CBR15Bingo: Violence (plenty of violence here!)
It’s interesting going back and doing these reviews a while after I read the books because I get to see what sticks around in my mind and what doesn’t. Say what you will about Stephen King, but his stories stay with you. There’s something about his ability to get across a strong visual image and have it embed itself in your brain forever. He really taps into something very primal with his writing, especially his earlier work. I am a “constant reader” so I’ve read almost all of his books and enjoy them across the time spectrum, but I do think his early work is connecting to something very intense, moreso than his more recent stuff. In contrast, I know I read Richard Matheson’s short story collection as it was in my stack of books to review, but if you asked me at this very moment to describe the plot of one story, I couldn’t do it. I don’t have any bad feelings about the book, but I read it and then my brain jettisoned it.
The Shores of Space is a collection of horror/sci-fi short stories by Richard Matheson. From a quick search, he is the author of I Am Legend and Hell House, which seem to be sticking around in the American canon.
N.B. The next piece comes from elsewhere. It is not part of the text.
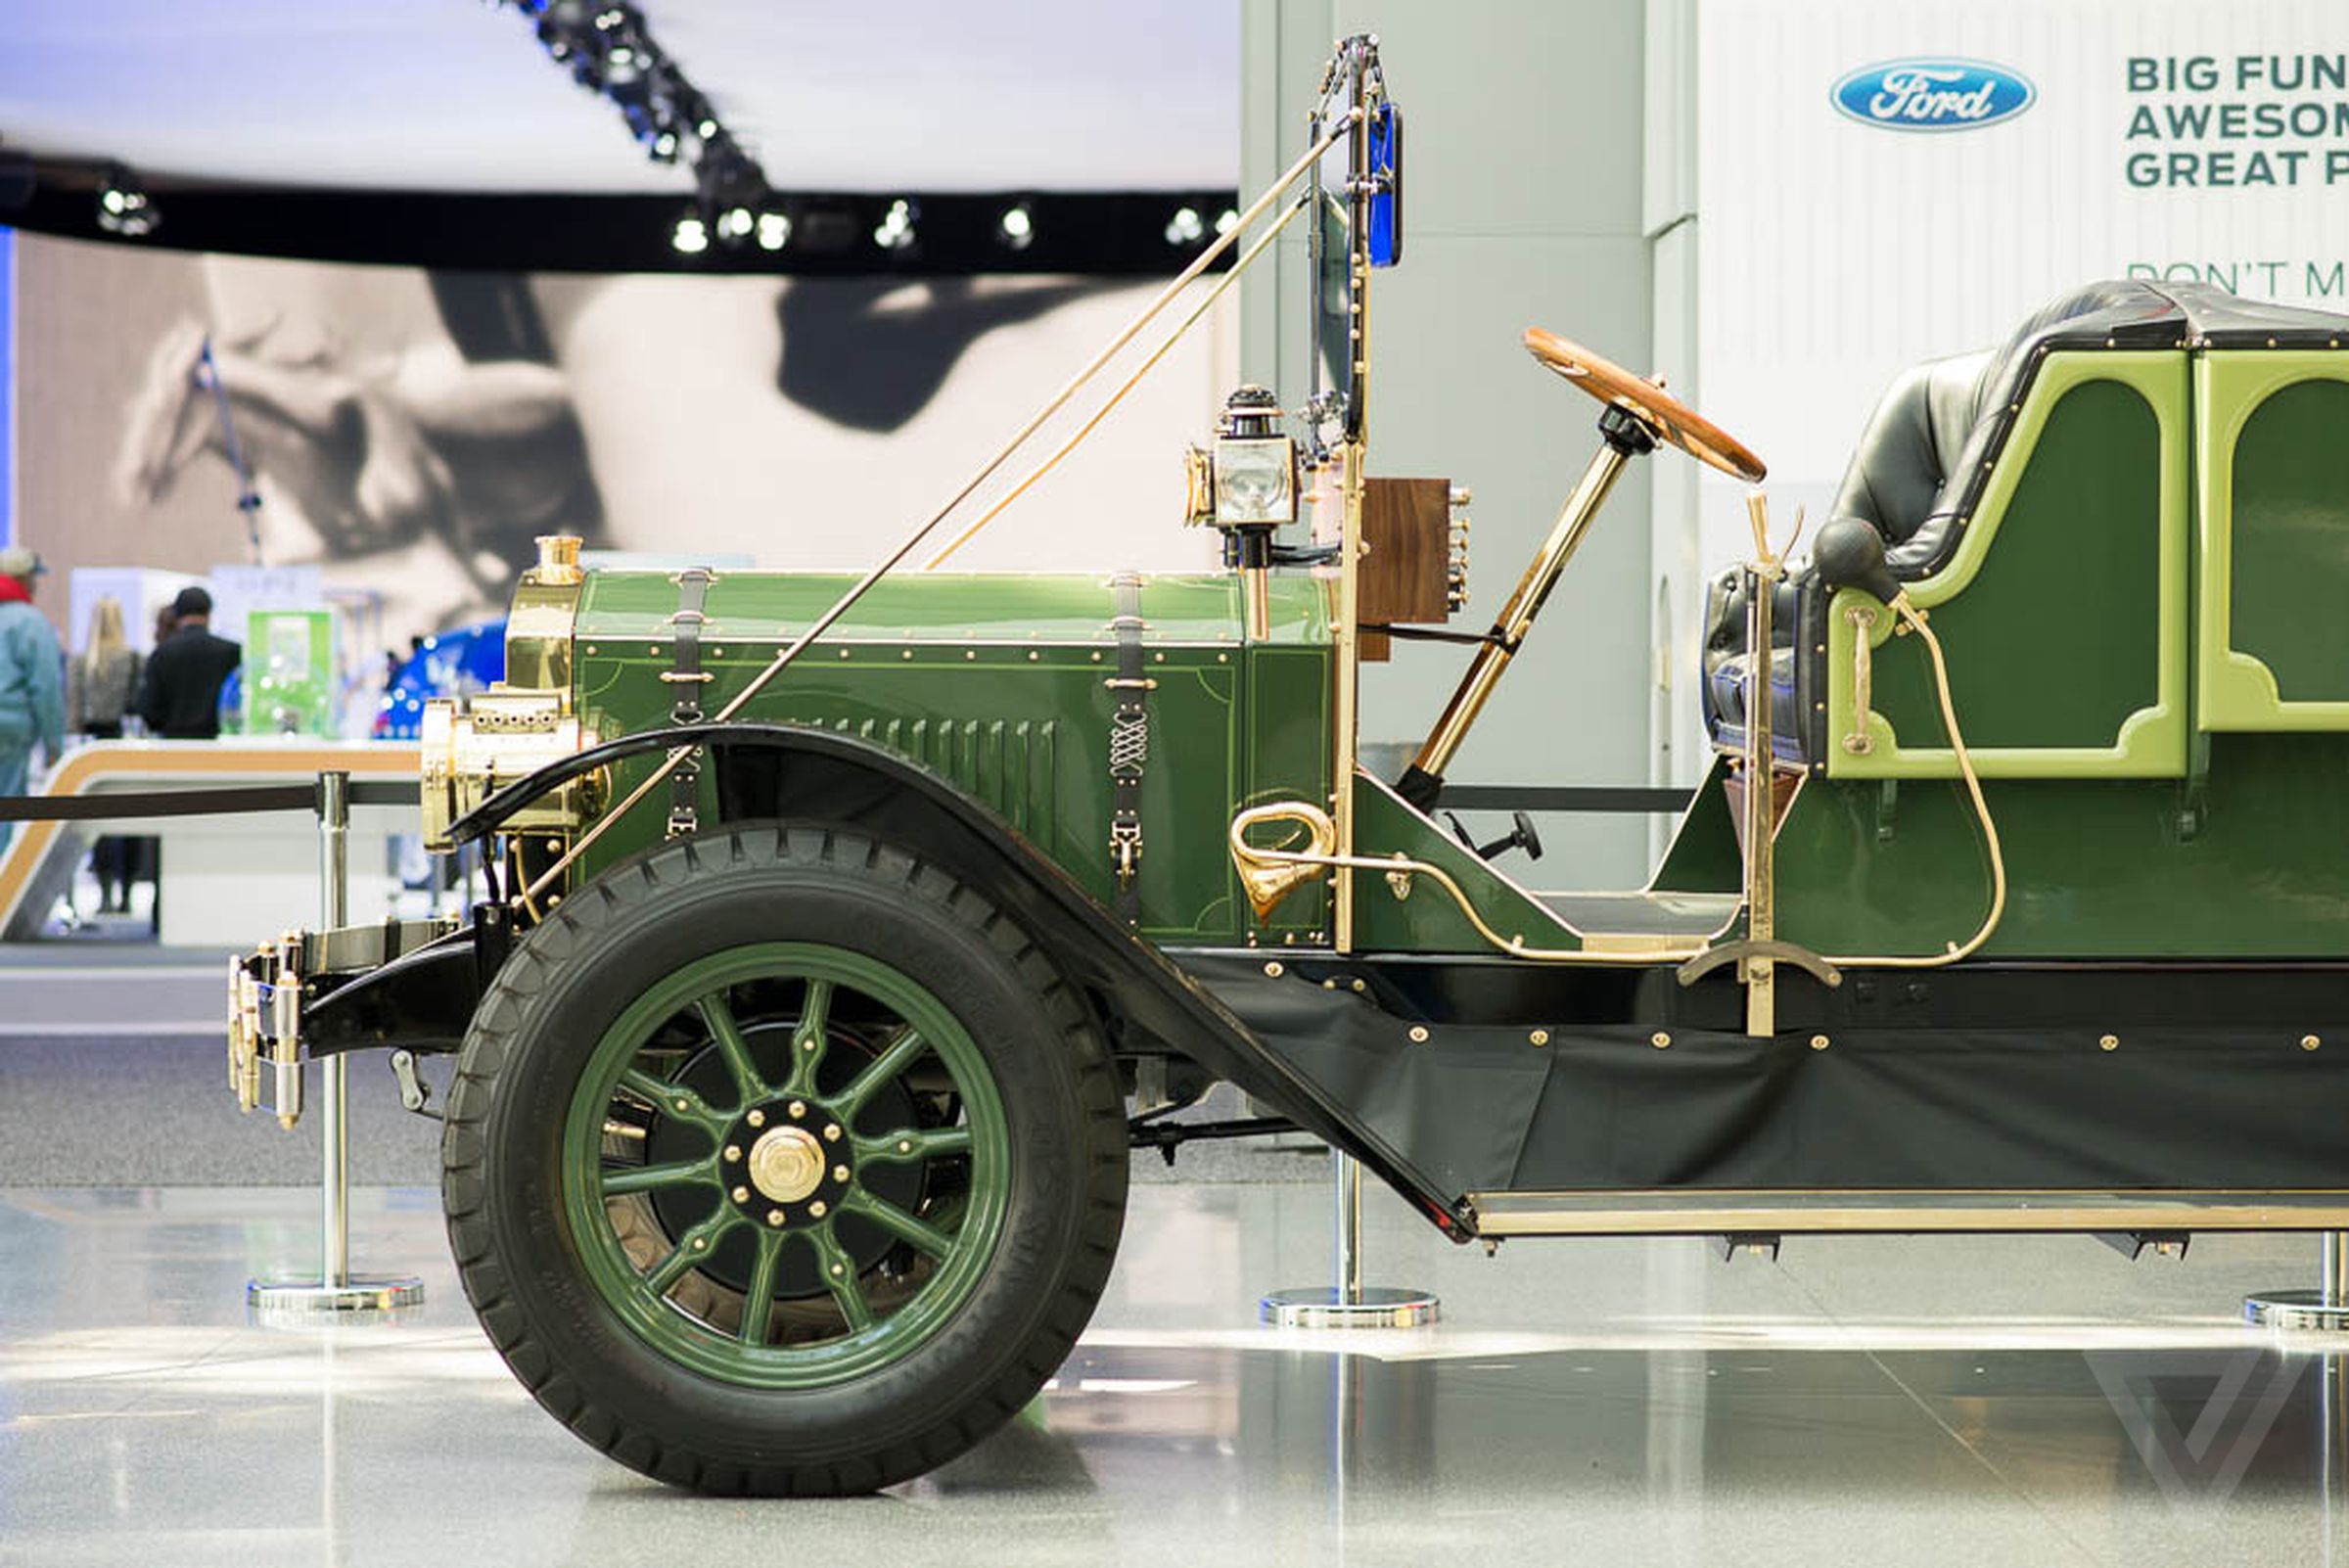 Electric-powered Horseless eCarriage pictures

This is one of the books that came from my parents’ SF/F collection so I read it randomly. On flipping back through the book to jog my memory, this was a solid collection with a higher quality of writing than others I’ve read of the same era. “The Test” was an especially good story about a society where elderly people who can’t pass memory tests are euthanized. “Blood Son” was a nasty (in the positive sense of the word) story about a boy who wants to be a vampire. “The Curious Child” was a surprisingly frightening look at losing your memory with a sci-fi twist. Overall, there weren’t any weak stories but it just didn’t stay with me as a whole or make me want to search out more of his work. A pleasant diversion for the train.
Everything’s Eventual and Night Shift are both short story collections, with Night Shift collecting earlier work. Everything’s Eventual has some of my all-time favorite King short stories,, including “The Road Virus Heads North,” “Lunch at the Gotham Cafe,” and “1408.” “1408” in particular is one that always stays with me, it’s truly haunting and captures the illogical nature of horror in a way that is really scary. Horror without a safe explanation is the most frightening to me. Night Shift contains some real classics, such as “Children of the Corn” and “Trucks,” that were later made into movies. I also think “Quitters, Inc,” “Graveyard Shift,” “The Woman in the Room,” and “The Last Rung on the Ladder” are excellent and not as well known. When King deals with ostensibly non-horror subjects, as in “The Woman in the Room” or “The Last Rung on the Ladder,” he shows such a deft touch with emotion and how horrific real life events can be. King gets such a name as a “master of horror” that it can overshadow his true skill with human emotion and characterization that makes him such a great storyteller. These two are keepers for me since I know I’ll re-read them again in a few years.
Warnings for: all sorts of horror, murder, body horror, psychological horror, violence, child abuse, etc.